Agentic AI set to transform tech roles, McKinsey warns

Agentic AI is poised to shift software engineering from manual coding to high-level orchestration, which is set to transform tech roles according to a McKinsey executive.
Speaking at Viva Tech Paris on Thursday, Stéphane Bout, the firm’s France leader and senior partner at QuantumBlack, AI – McKinsey’s data and analytics branch – said the software industry is on the cusp of a fundamental transformation.
“Agentic AI can plan, execute, test and debug code with minimal human intervention”, he said. “We’re moving from assistive tools to collaborative agents”.
Agentic AI refers to autonomous software systems that can reason and make decisions, acting independently of traditional software development lifecycles. This makes them far beyond today’s code autocomplete tools.
These systems are capable of goal-oriented behaviour; they can take a user’s high level objective and automatically break it down, generate code and fix it, test it, and so on.
Often, this is even done without direct step by step instructions.
A shift in the engineer’s role
This evolution is happening at a rapid pace, said Eiso Kant, co-founder and chief tech officer of Poolside, at the event.
“We’re entering an era where writing code might no longer be the primary task of a software engineer”, he said. “In the near future, engineers will help design goals and set constraints, as well as supervise intelligent agents that handle the execution”.
Bout added that this shift will generate a high demand for new skills: “The engineer of tomorrow is more of a system designer and strategic thinker than someone focued on syntax or boilerplate code”.

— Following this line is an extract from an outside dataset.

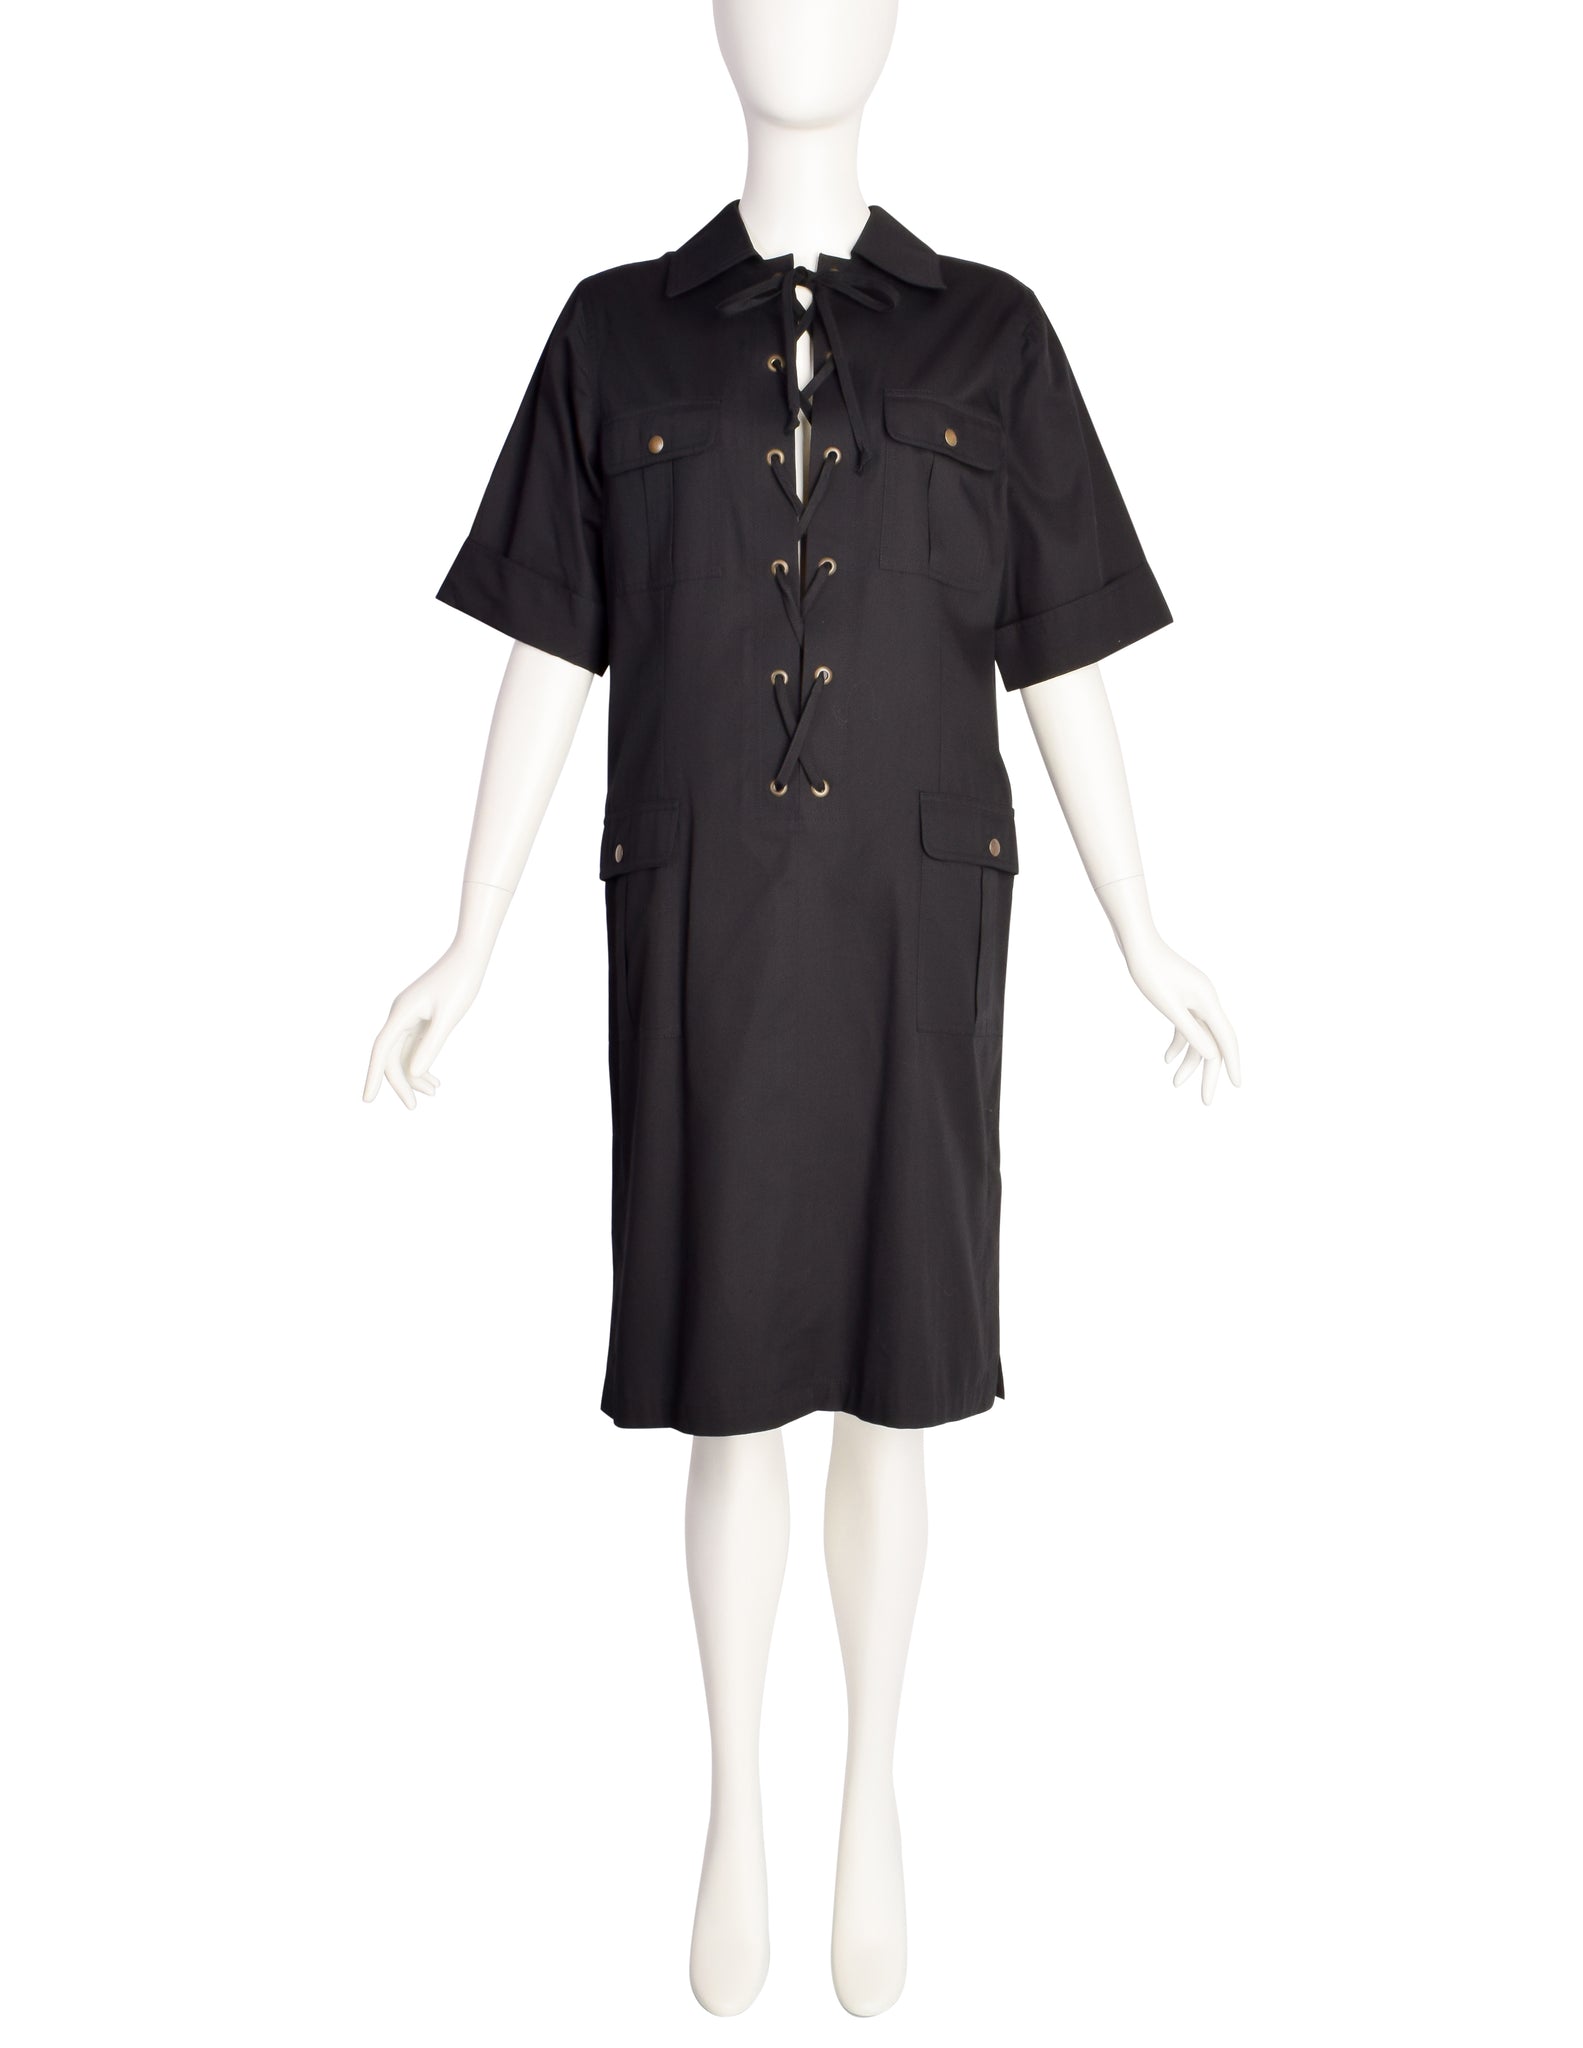 Yves Saint Laurent Vintage 1990s Iconic Black Cotton Safari Redux Dress

The result could be significant productivity gains. “Agentic AI opens the door to tenfold engineering productivity”, said Brout, who assured that it is not about replacing engineers, but removing the bottlenecks that slow them down.

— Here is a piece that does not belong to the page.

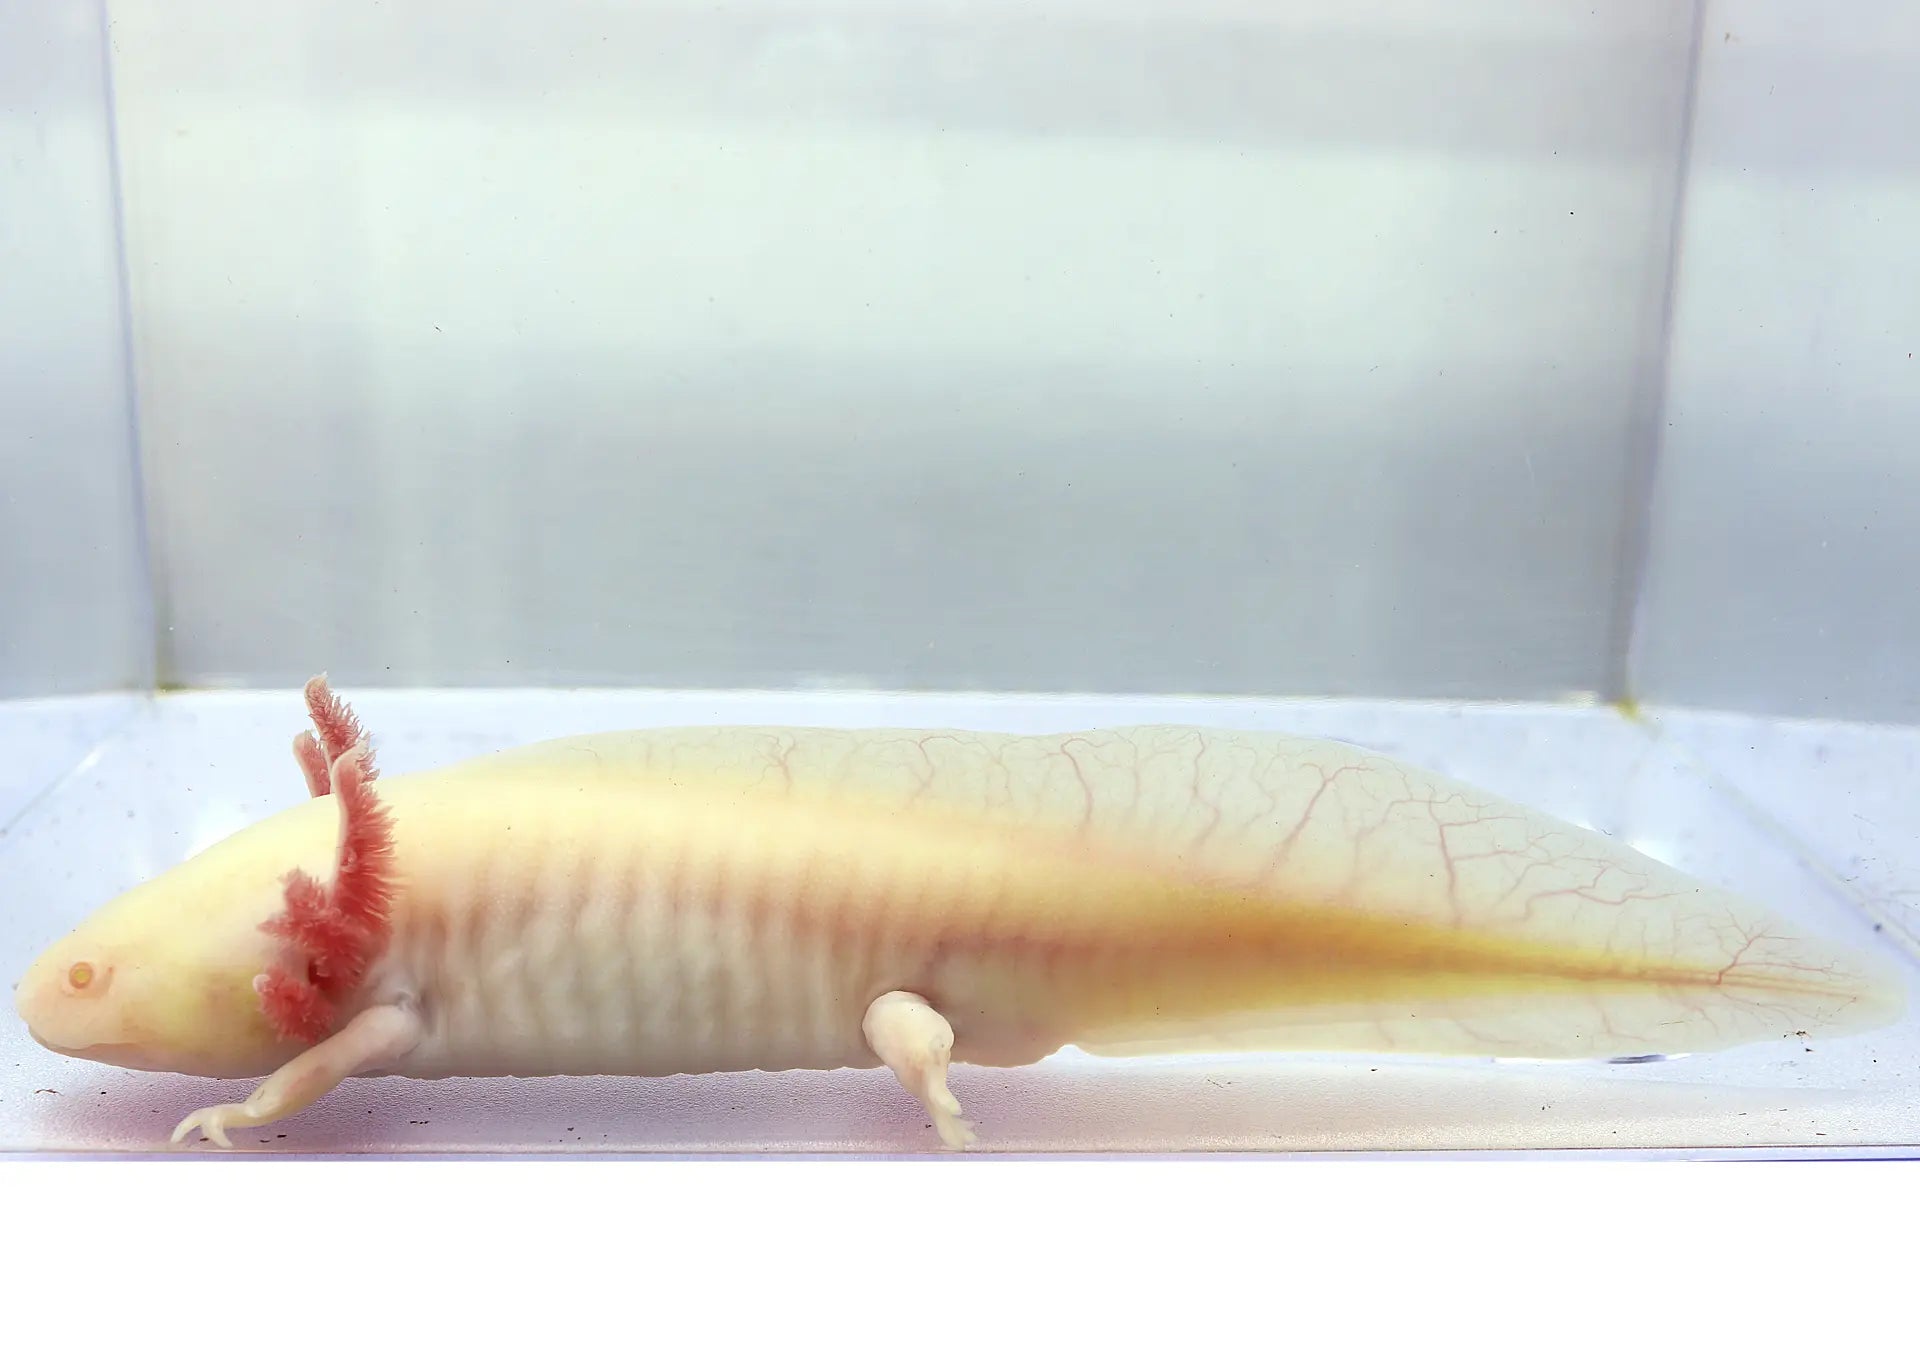 GFP Albino Axolotl

Devine Pasta, chief executive of software at Siemens, pointed to real world applications already taking shape in infrastructure and industrial environments.
“In mobility and infrastructure, agentic AI could reduce downtime proactively fixing code before issues arise”, she said. “It’s not just about speed, its about reliability”.
But the speakers cautioned that agency must also come with oversight, pointing to a vast difference between code completion and decision making autonomy.
“If agents are acting independently, we need to ensure they are operating within trusted guardrails”, added Kant.
The panel concluded that the future of software lies in delegation – not of control, but of complexity.